Pleiotropic intervention has prominent advantages for complex pathomechanisms, such as Alzheimer’s disease (AD). In this study, a series of novel 3-(4-pyridyl)-5-(4- sulfamido-phenyl)-1,2,4-oxadiazole derivatives were designed and synthesized following the multitarget-directed ligand-based strategy. All compounds were evaluated for glycogen synthase kinase 3β (GSK-3β) inhibition and antineuroinflammatory and neuroprotective activities. Given that abnormal glucose metabolism plays an important role in AD occurrence and development, the effects of all compounds on glucose consumption in HepG2 cells was evaluated. Compounds 5e and 10b showed good dual potency in GSK-3β inhibition (IC₅₀: 5e = 1.52 μM, 10b = 0.19 μM) and antineuroinflammatory potency (IC₅₀: 5e = 0.47 ± 0.64 μM, 10b = 6.94 ± 2.33 μM). The effect of compound 10b on glucose consumption was higher than that of positive drug metformin. These compounds exerted a certain neuroprotective effect. Compound 10b dramatically reduced Aβ-induced Tau hyperphosphorylation, thus inhibiting GSK-3β at the cellular level. Notably, compounds 5e and 10b exhibited good inhibitory effects on the formation of intracellular reactive oxygen species (ROS). Moreover, these compounds displayed proper blood–brain barrier permeability and lacked neurotoxicity up to 50 μM concentration. Finally, in vivo experiments revealed that compound 10b improved cognitive impairment in scopolamine-induced mouse models. Results indicated that compound 10b deserves further study as a multifunctional lead compound.

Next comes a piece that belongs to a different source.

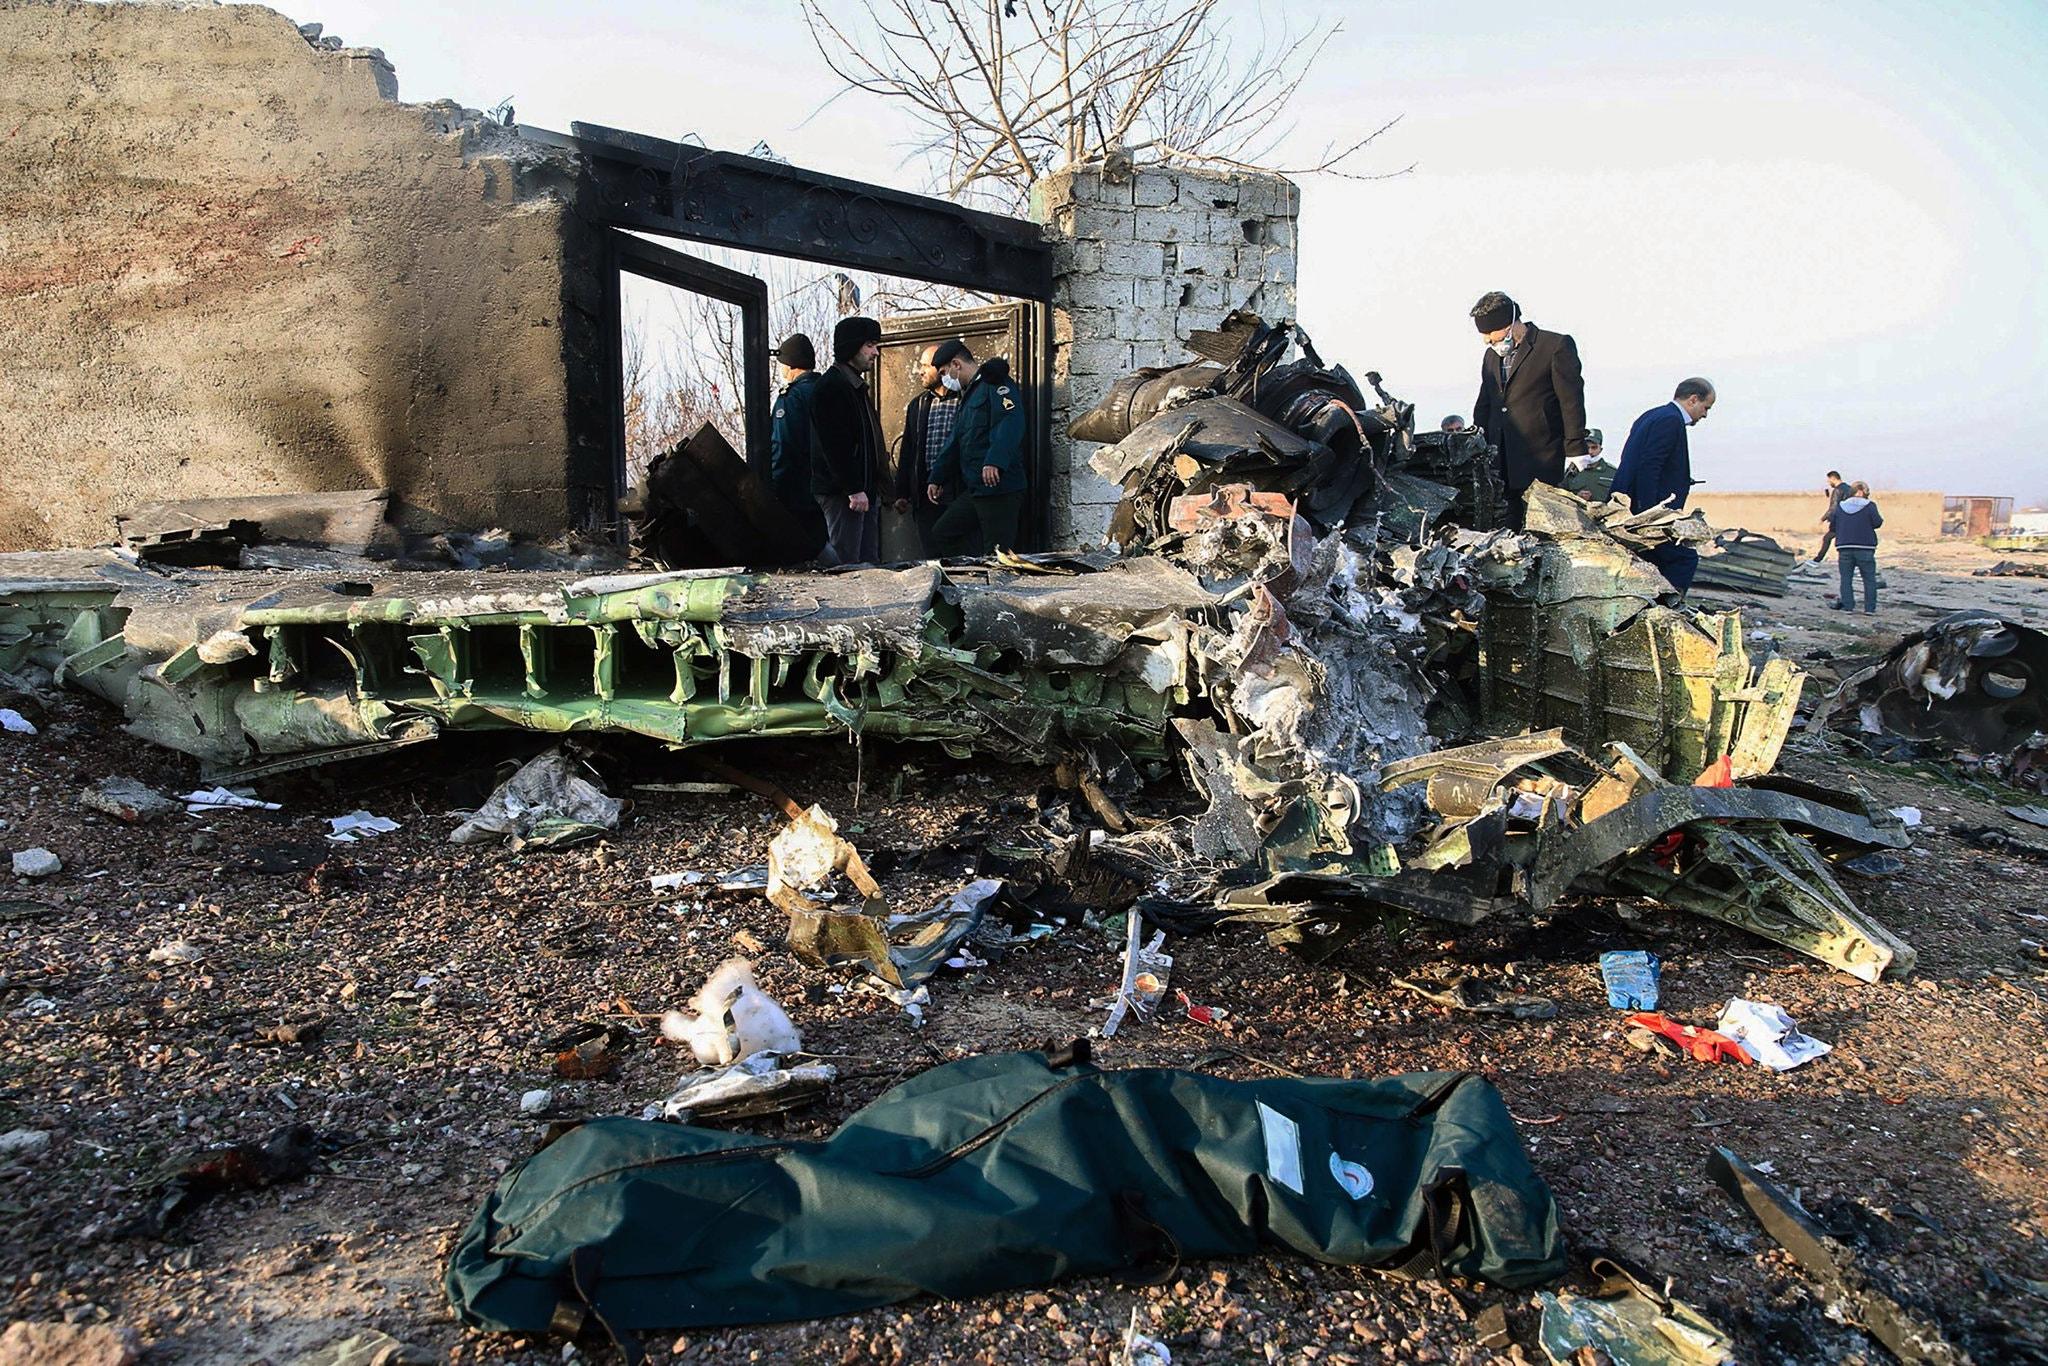 Plance crash in Iran

多效性干预对于复杂的病理机制具有显着的优势，例如阿尔茨海默病（AD）。在本研究中，按照多靶点定向配体策略设计并合成了一系列新型3-(4-吡啶基)-5-(4-磺酰胺基苯基)-1,2,4-恶二唑衍生物。对所有化合物的糖原合成酶激酶 3β (GSK-3β) 抑制以及抗神经炎症和神经保护活性进行了评估。鉴于异常的葡萄糖代谢在AD的发生和发展中起着重要作用，评估了所有化合物对HepG2细胞葡萄糖消耗的影响。化合物5e和10b在GSK-3β抑制（IC ₅₀ : 5e = 1.52 μM, 10b = 0.19 μM）和抗神经炎症效力（IC ₅₀ : 5e = 0.47 ± 0.64 μM, 10b = 6.94 ± 2.33 μM）方面表现出良好的双重效力。化合物10b对葡萄糖消耗的影响高于阳性药物二甲双胍。这些化合物发挥了一定的神经保护作用。化合物10b显着降低 Aβ 诱导的 Tau 过度磷酸化，从而在细胞水平抑制 GSK-3β。值得注意的是，化合物5e和10b对细胞内活性氧（ROS）的形成表现出良好的抑制作用。此外，这些化合物表现出适当的血脑屏障渗透性，并且在浓度高达 50 μM 时没有神经毒性。最后，体内实验表明，化合物10b可以改善东莨菪碱诱导的小鼠模型的认知障碍。 结果表明，化合物10b作为多功能先导化合物值得进一步研究。